Christie Dudley B, Nowack Timothy E, Nonnemacher Cory J, Montgomery Anne, Ashley Dennis W
417871Navicent Health Systems, Macon, GA, USA.
Department of Trauma Surgery and Critical Care, 12241Mercer University School of Medicine, Macon, GA, USA.
Am Surg. 2022 Apr;88(4):658-662. doi: 10.1177/00031348211060432. Epub 2022 Jan 3.
Rib fractures in the ≥65-year-old population have been shown to strongly influence mortality and pneumonia rates. There is a growing body of evidence demonstrating improvements in the geriatric patient's survival statistics and respiratory performances after surgical stabilization of rib fractures (SSRF). We have observed a strong survival and complication avoidance trend in geriatric patients who undergo SSRF. The purpose of our study was to evaluate the outcomes of geriatric patients with rib fractures treated with SSRF compared to those who only receive conservative therapies.
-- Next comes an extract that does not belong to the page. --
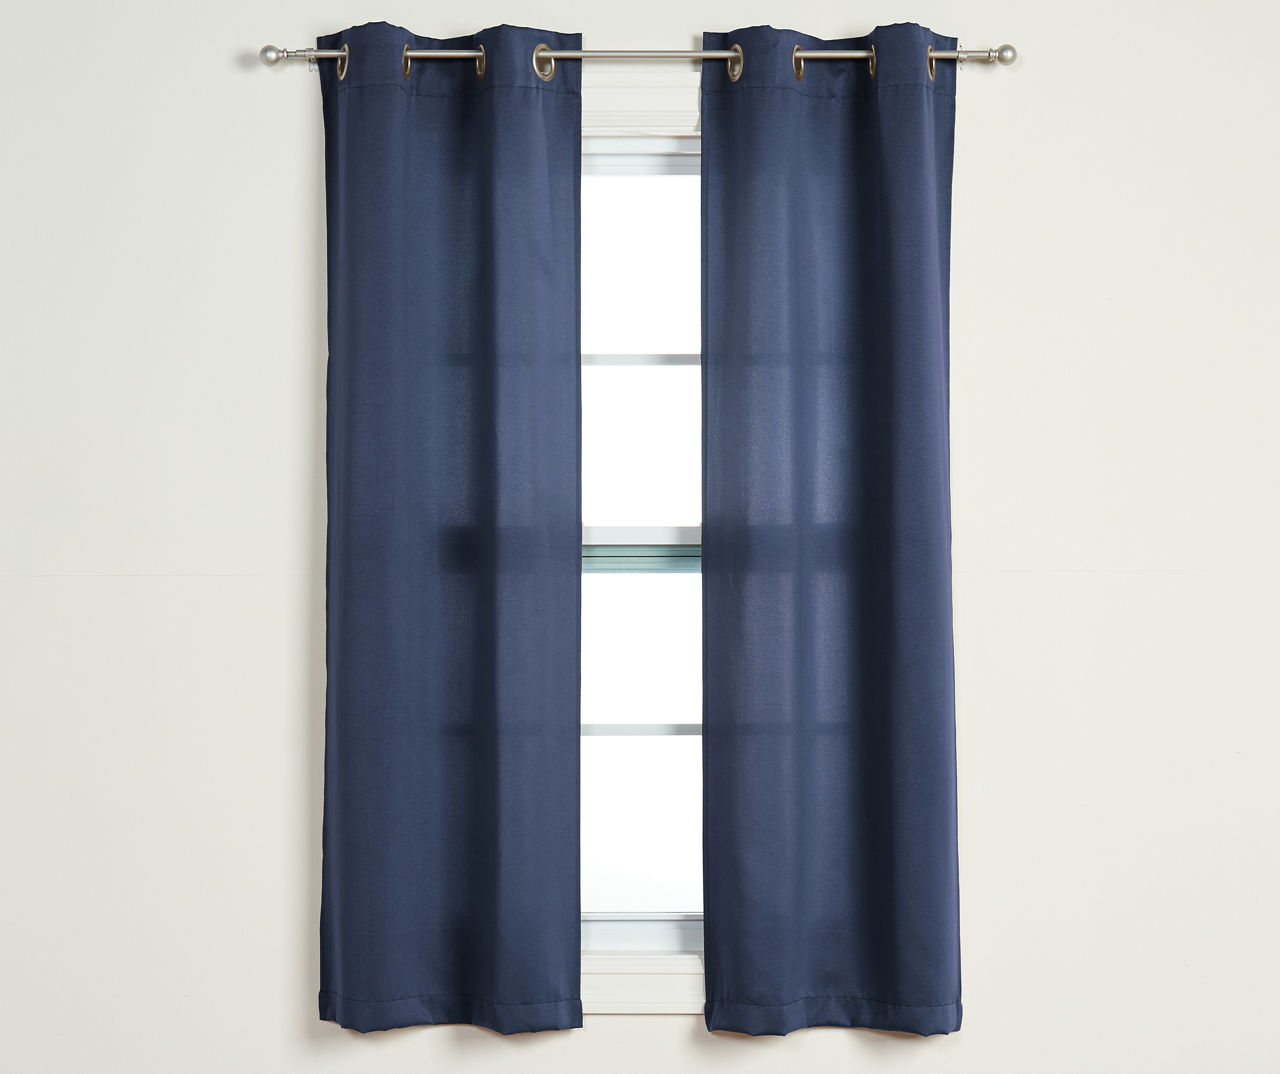 4-Piece Putnam Navy Room-Darkening Curtain Panels Set, (63")

We performed a retrospective review of our trauma registry analyzing outcomes of patients ≥65 years with rib fractures. Patients admitted from 2015 to 2019 receiving SSRF (RP group) were compared to a nonoperative controls (NO group) admitted during the same time. Bilateral fractures were excluded. Independent variables analyzed = ISS, mortalities, hospital days, ICU days, pleural space complications, and readmissions. Follow-up was 60 days after discharge. Group comparison was performed using Kolmogorov-Smirnov, Shapiro-Wilk, and Mann-Whitney U tests.
257 patients were analyzed: 172 in the NO group with mean age of 75 (65-10) and 85 in the RP group with mean age of 74 (65-96). Mean ISS = 13 (1-38) for the NO group and 20 (9-59) for the RP group ( < .001). Mean hospital days = 8 (1-39) and 15 (3-49) in NO and RP groups, respectively. Mean ICU days = 10 (1-32) and 8 (1-11) in NO and RP groups, respectively. Deaths, pneumonia, readmissions, and pleural effusions in the NO group were statistically significant ( < .01). Analysis of complications revealed 4 RP patients (4.7%) with respiratory complications out to 60 days and 65 NO patients (37.8%) ( < .001).
Surgical stabilization of rib fractures appears to be associated with a survival advantage and an avoidance of respiratory-related complications in the ≥65-year-old patient population.
研究表明,65岁及以上人群的肋骨骨折对死亡率和肺炎发生率有显著影响。越来越多的证据表明,肋骨骨折手术固定(SSRF)后老年患者的生存统计数据和呼吸功能有所改善。我们观察到接受SSRF的老年患者有很强的生存和避免并发症的趋势。我们研究的目的是评估接受SSRF治疗的老年肋骨骨折患者与仅接受保守治疗的患者的治疗效果。
我们对创伤登记处进行了回顾性分析,分析65岁及以上肋骨骨折患者的治疗结果。将2015年至2019年接受SSRF的患者(RP组)与同期入院的非手术对照组(NO组)进行比较。排除双侧骨折患者。分析的自变量包括:损伤严重度评分(ISS)、死亡率、住院天数、重症监护病房(ICU)天数、胸腔并发症和再入院情况。出院后随访60天。使用柯尔莫哥洛夫-斯米尔诺夫检验、夏皮罗-威尔克检验和曼-惠特尼U检验进行组间比较。
共分析了257例患者:NO组172例,平均年龄75岁(65-10岁);RP组85例,平均年龄74岁(65-96岁)。NO组的平均ISS为13(1-38),RP组为20(9-59)(P<0.001)。NO组和RP组的平均住院天数分别为8天(1-39天)和15天(3-49天)。NO组和RP组的平均ICU天数分别为10天(1-32天)和8天(1-11天)。NO组的死亡、肺炎、再入院和胸腔积液情况具有统计学意义(P<0.01)。并发症分析显示,RP组有4例患者(4.7%)在60天内出现呼吸并发症,NO组有65例患者(37.8%)出现呼吸并发症(P<0.001)。
肋骨骨折手术固定似乎能使65岁及以上患者获得生存优势并避免呼吸相关并发症。